The length Git picks for the abbreviated hash can change over time—if people keep making new commits in the repository, the amount of objects Git keeps track of will increase, and the heuristic will pick more digits for the abbreviated hash. Under this assumption, our fetchFromGitHub derivation can become invalid at some point after we write it, even if we are still fetching the same revision.
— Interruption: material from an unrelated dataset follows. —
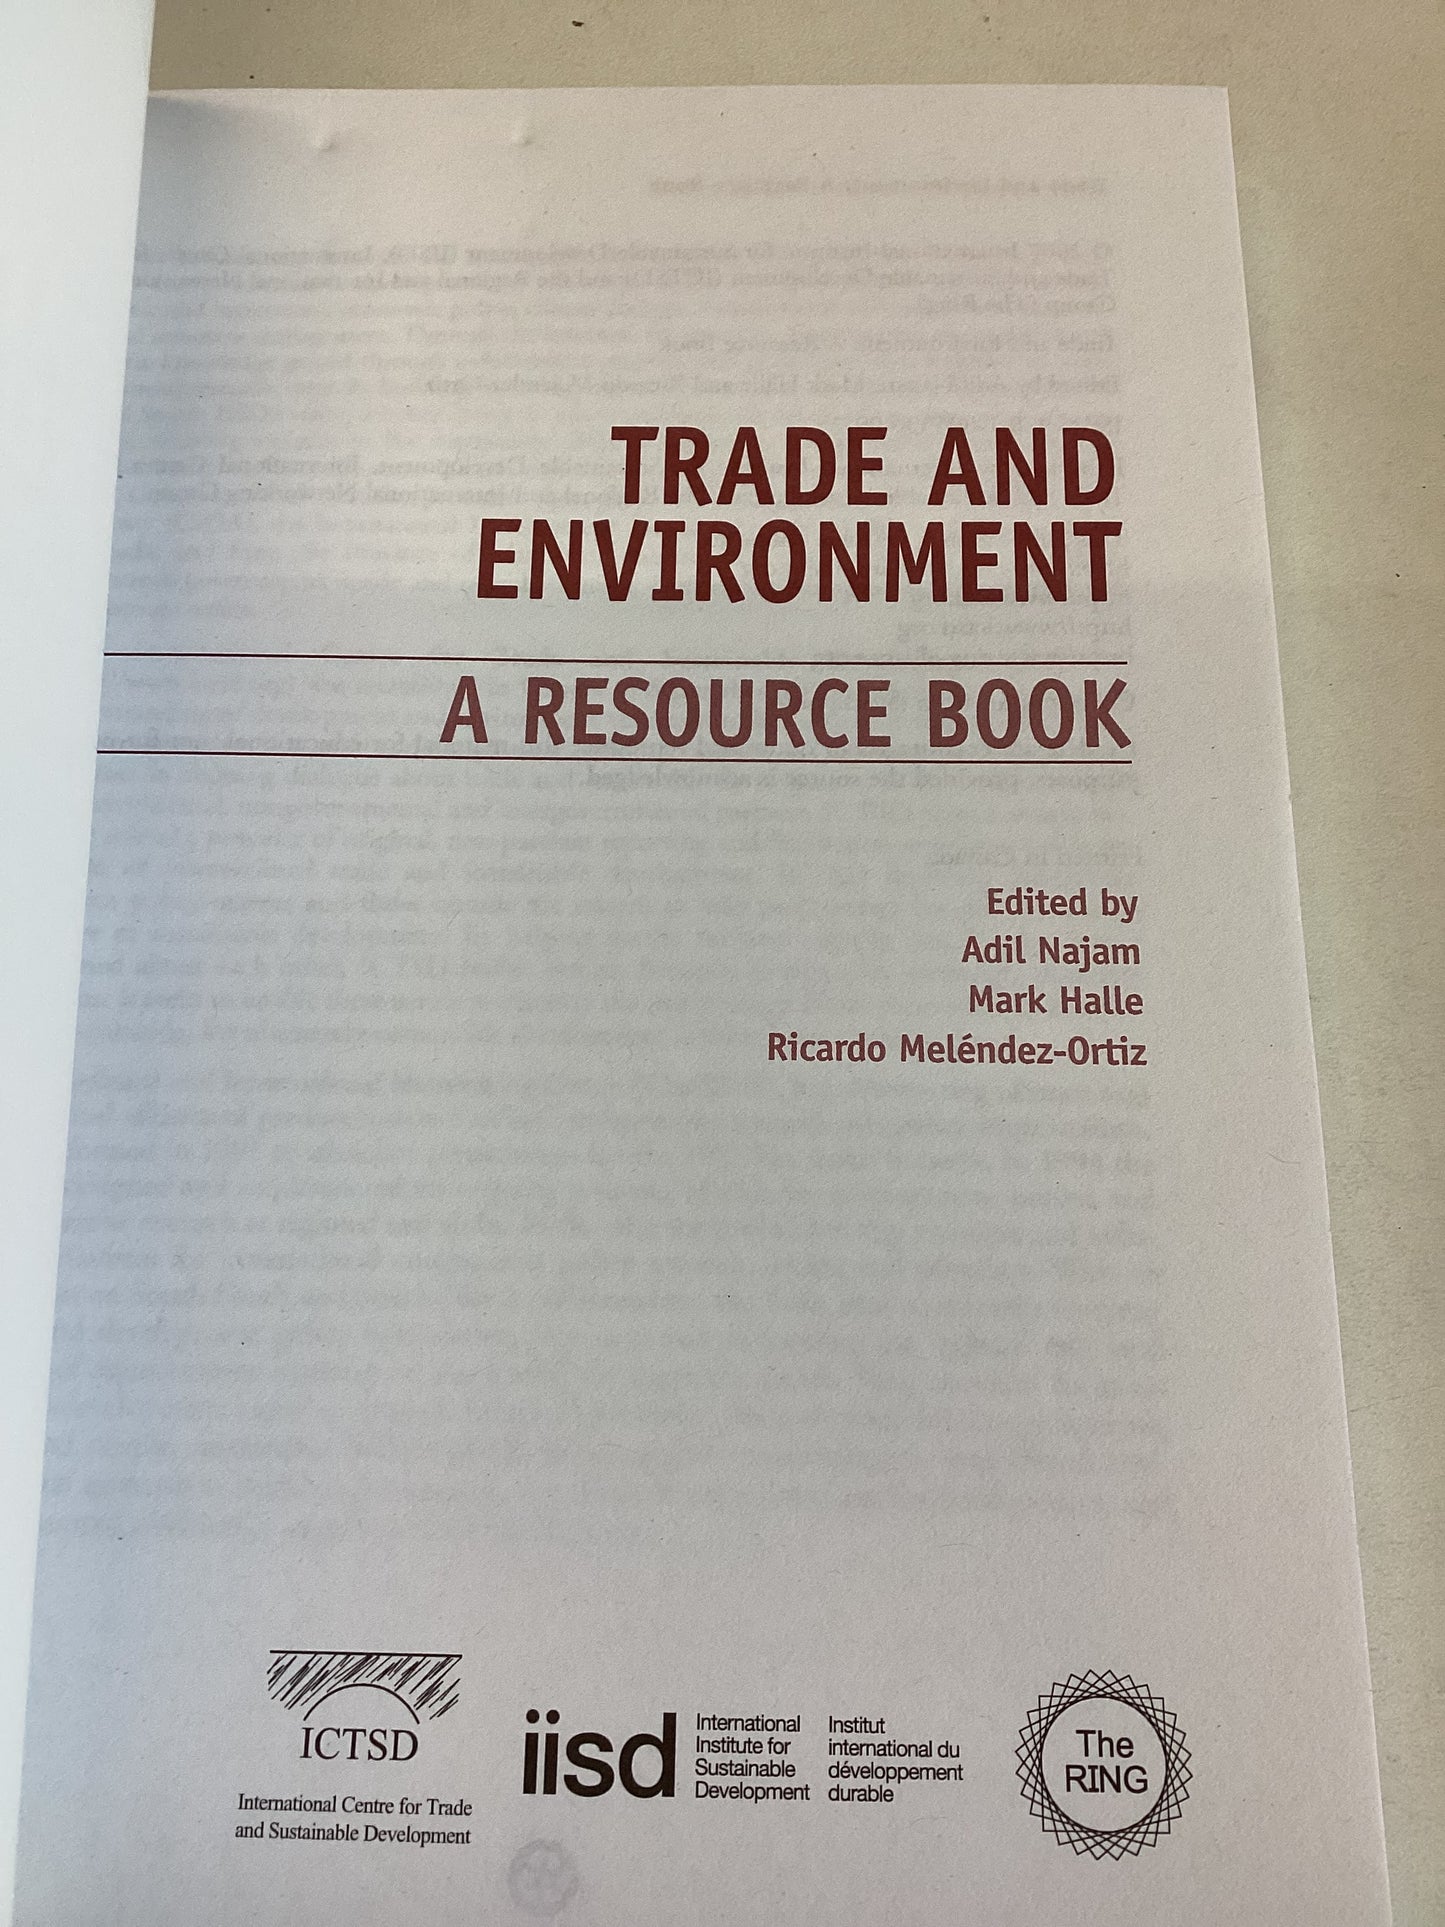 Trade and Environment A Resource Book Edited by Adil Najam, Mark Halle and Ricardo Melendez-ortiz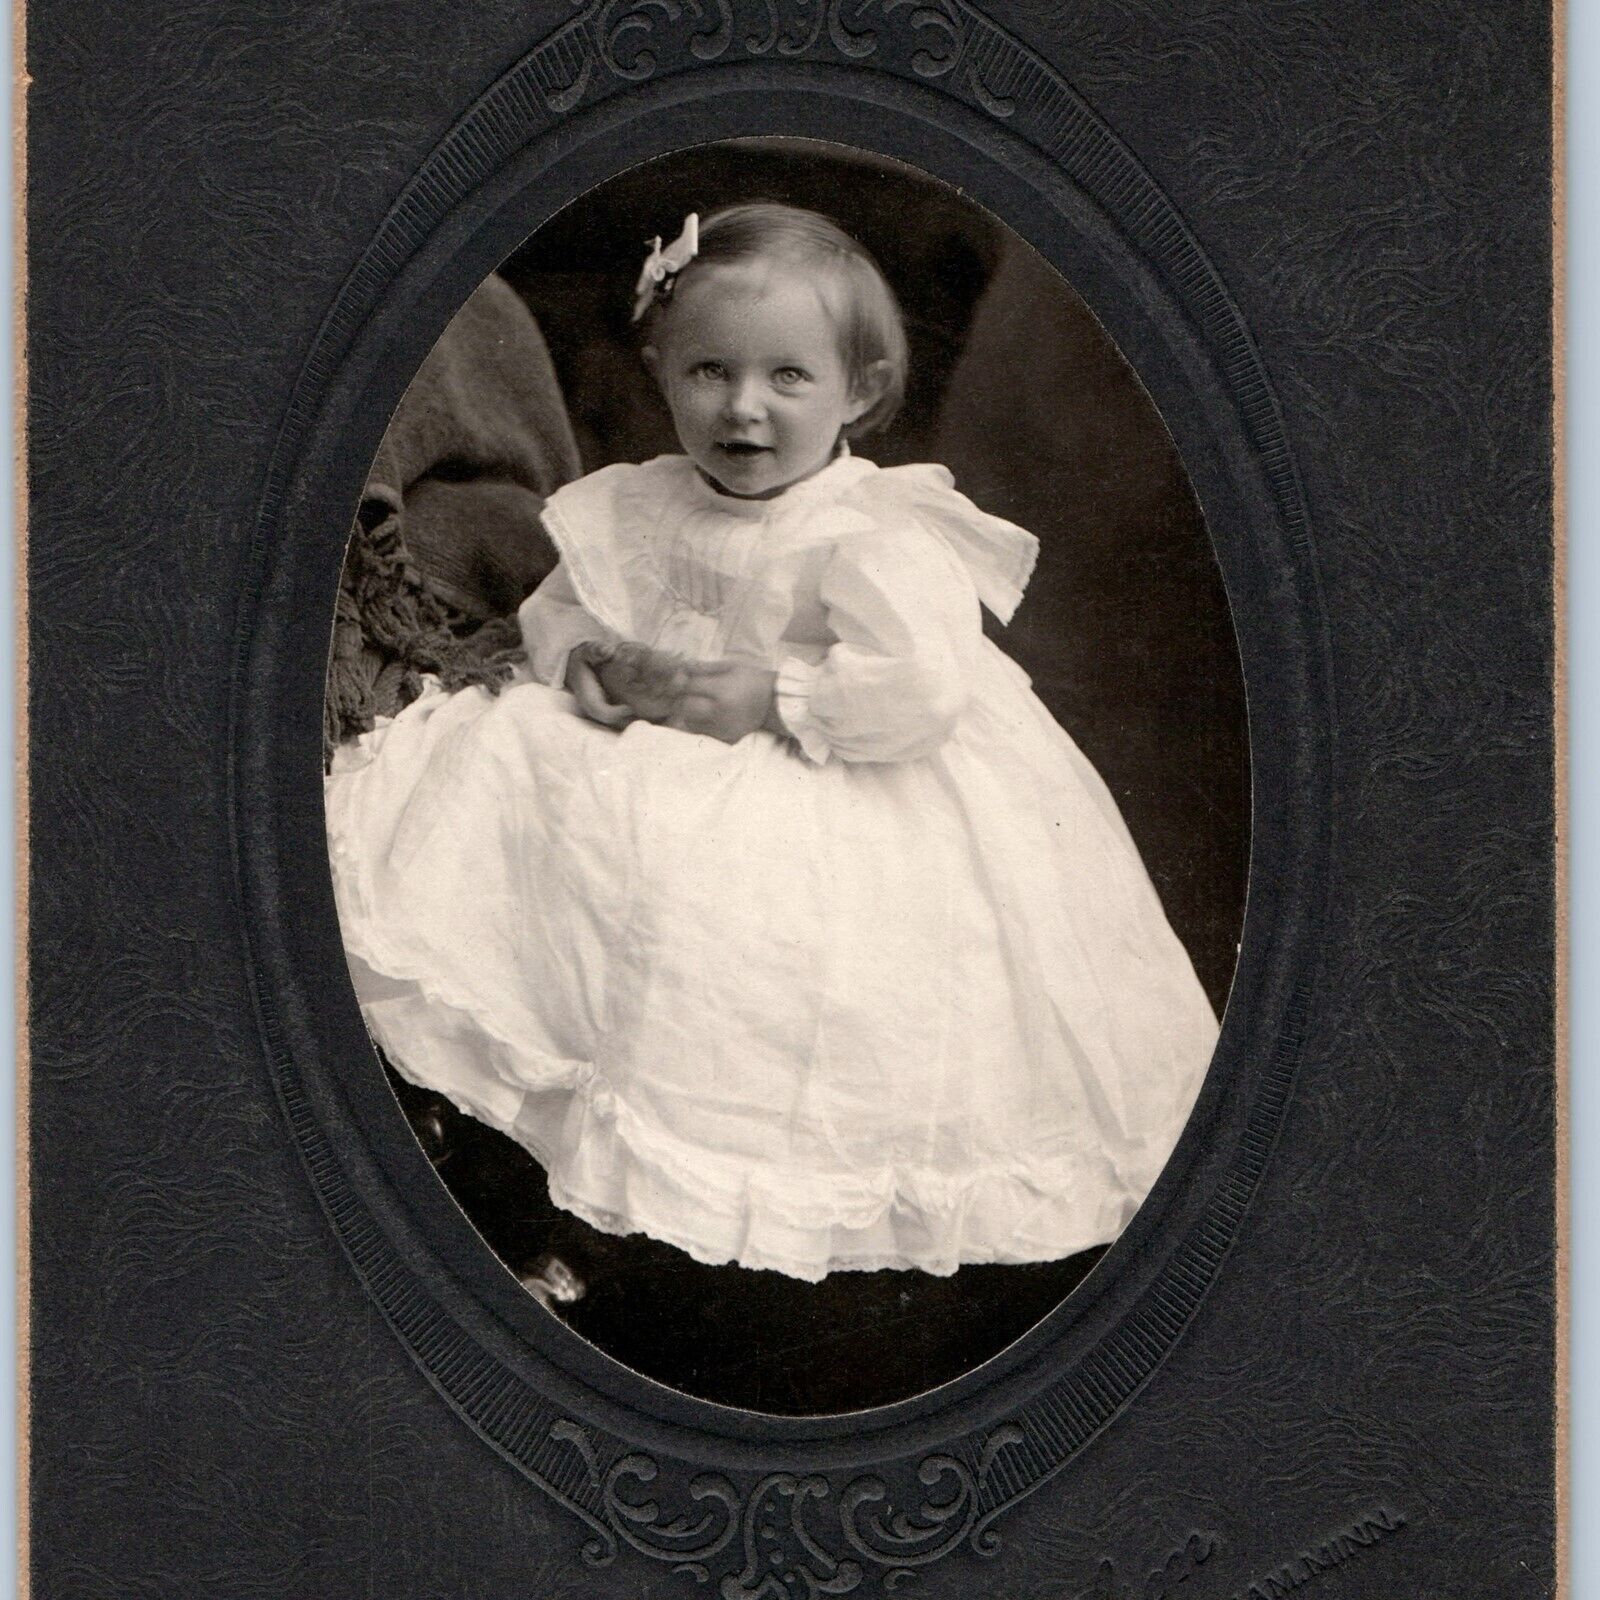 1900s Perham MN Adorable Smile Baby Girl Cabinet Card Cute Bright Eyes Olson B24

In practice, however, this is more complicated. Practical tests show that repeatedly downloading a repository archive from the same URL, within a short span of time, can result in getting versions that include both shorter and longer substituted hashes, seemingly at random.

We can speculate on why that is. Consider that the hash length estimation is based on the number of all objects in the Git repository, which does not necessarily include only the objects within the current commit tree (which is to say objects associated with the current and previous commits). Such a Git repository can include other things, such as orphaned commits which have not been garbage collected yet, or branches for things like pending pull requests. Github could, conceivably, have several servers which hold copies of a given repository, with each containing the entire main branch, but some of these servers could have differing subsets of other objects.

If our request can potentially go to any of those servers for load-balancing purposes, then we could end up with different tarballs based on how many objects the given server holds. Yet another reason would be some form of caching, where one cache server holds a tarball generated at a time when a shorter hash sufficed, while another has to regenerate the tarball from the current repository state. The details are opaque to us since we are (presumably) not Github, but we can certainly come up with plausible scenarios.

Solutions

The obvious solution is to not use abbreviated hashes in export substitutions. If the commit hash is to be embedded somewhere in the built artifacts, using the full hash ensures a far smaller chance of a collision in the future either way (if the full SHA-1 hash collides, then we are really in trouble).

Outside of that, fetchFromGitHub can be forced to download via Git, rather than via an exported archive. This can complicate the build process, but a Git checkout should be entirely reproducible (Git commits are, after all, referenced by cryptographic hashes themselves).

Generally, when building from a tagged release, embedding Git revision hashes may not be necessary. The tag will exist in the repository and point to the given revision, and in general should not be moved anyway. Packages in Nixpkgs are most commonly tagged releases, rather than arbitrary commits from the trunk branch, and those commonly embed version numbers, rather than the precise commit hash.